Thursday, February 13, 2014

Even Solomon fell for it

One of the most difficult parts of being a Christian is that we believe that "truth" is a real thing. Only our post-modern culture have begun to talk about truth as if it were an individual thing, your truth and my truth.

Either God exists or doesn't ?
Either there is one God or there isn't?
Either Jesus is the only-begotten Son of God or not?

How I feel about this doesn't change the answer to the question. We may not get the definitive answer until we die, but there is a definitive answer.

Respecting other people's faith doesn't mean that we believe "they are all equally true." Or they are all just "different paths to the same God."

In today's first reading Solomon, apparently out of love for his foreign wives, falls into this same error, and starts building temples for their Gods. He abandons what he knows to be true, and suffers the consequences.

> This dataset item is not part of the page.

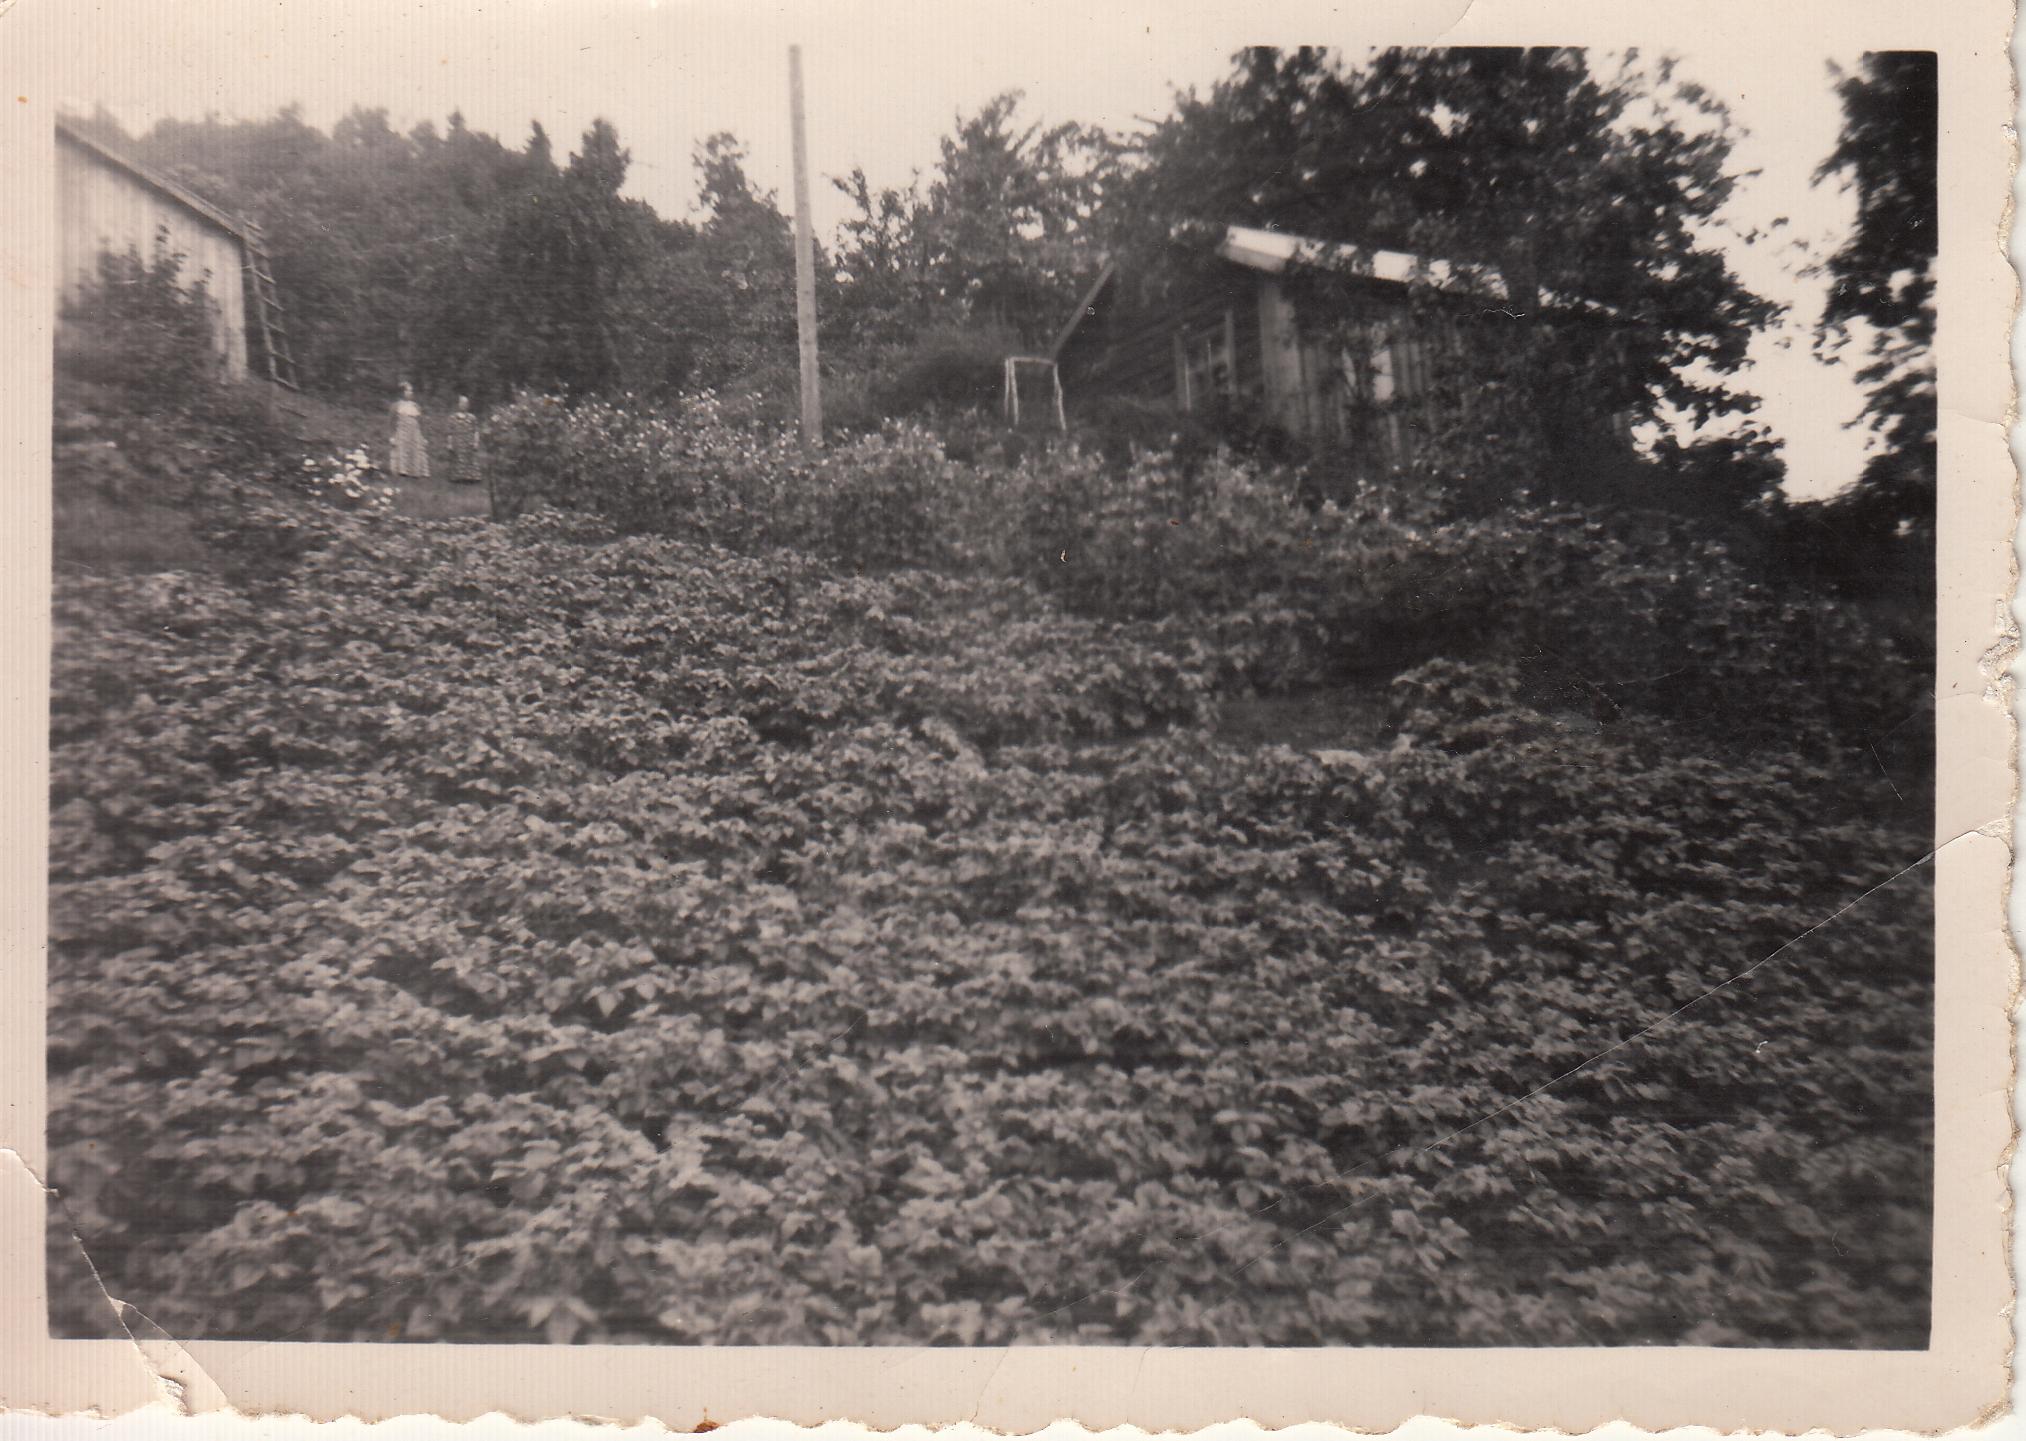 Lia, sett fra sør - Foto er fra ukjent årstall, men etter 1936, funnet i album gitt til Gjerstad Historielag.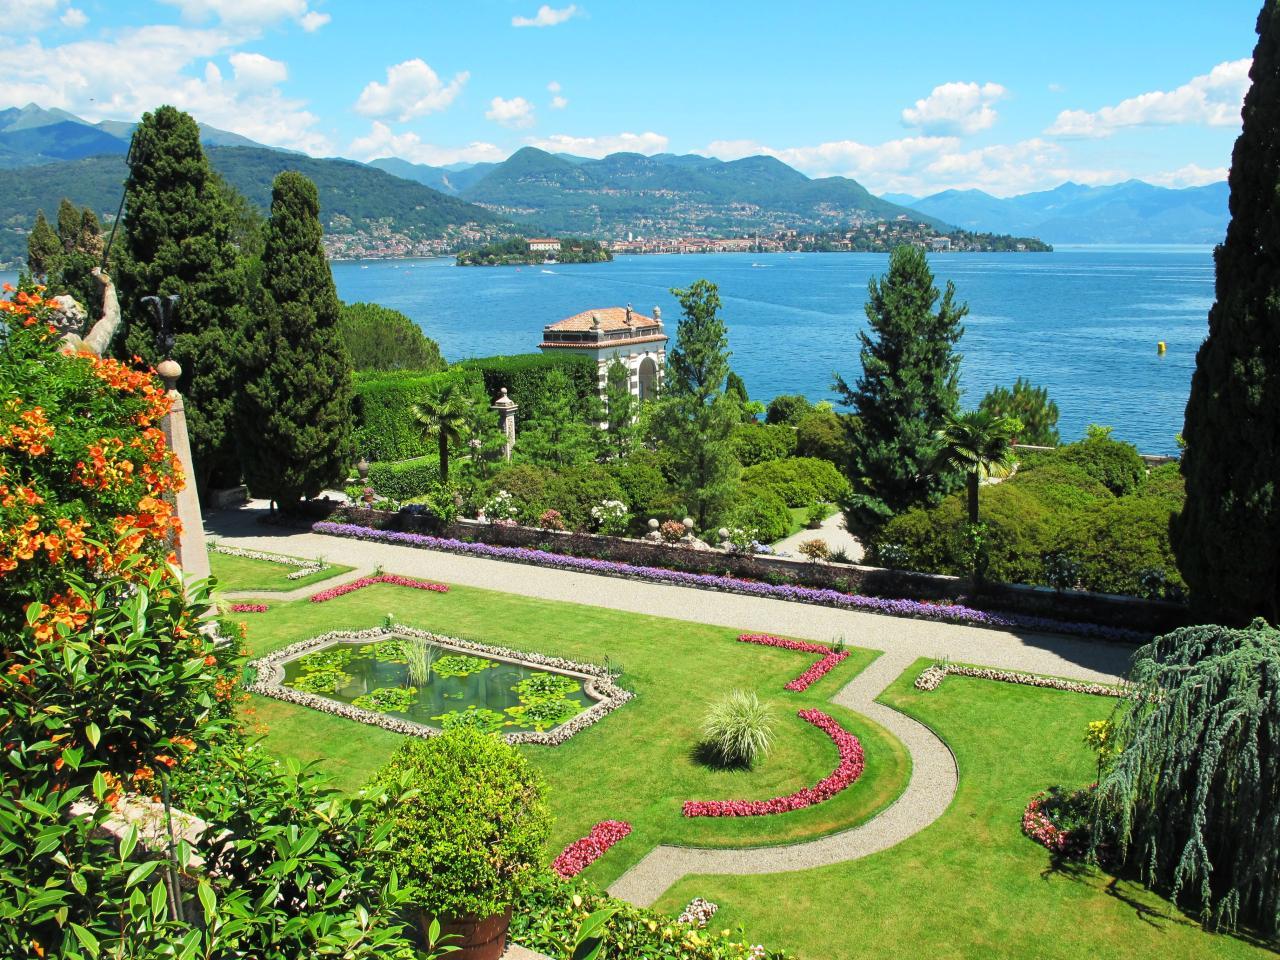 Bergamo, Milano, Lago Magiore, Lago Lugano vláček Bernina express

Contrary to the caricature, the Catholic Church does not teach that we are all right and the rest are all wrong. In the document Nostra Aetate we read

other religions found everywhere try to counter the restlessness of the human heart, each in its own manner, by proposing "ways," comprising teachings, rules of life, and sacred rites. The Catholic Church rejects nothing that is true and holy in these religions. She regards with sincere reverence those ways of conduct and of life, those precepts and teachings which, though differing in many aspects from the ones she holds and sets forth, nonetheless often reflect a ray of that Truth which enlightens all

There is truth, and from the time we begin to speak we question. We innately search for the truth. It's part of what defines us as human.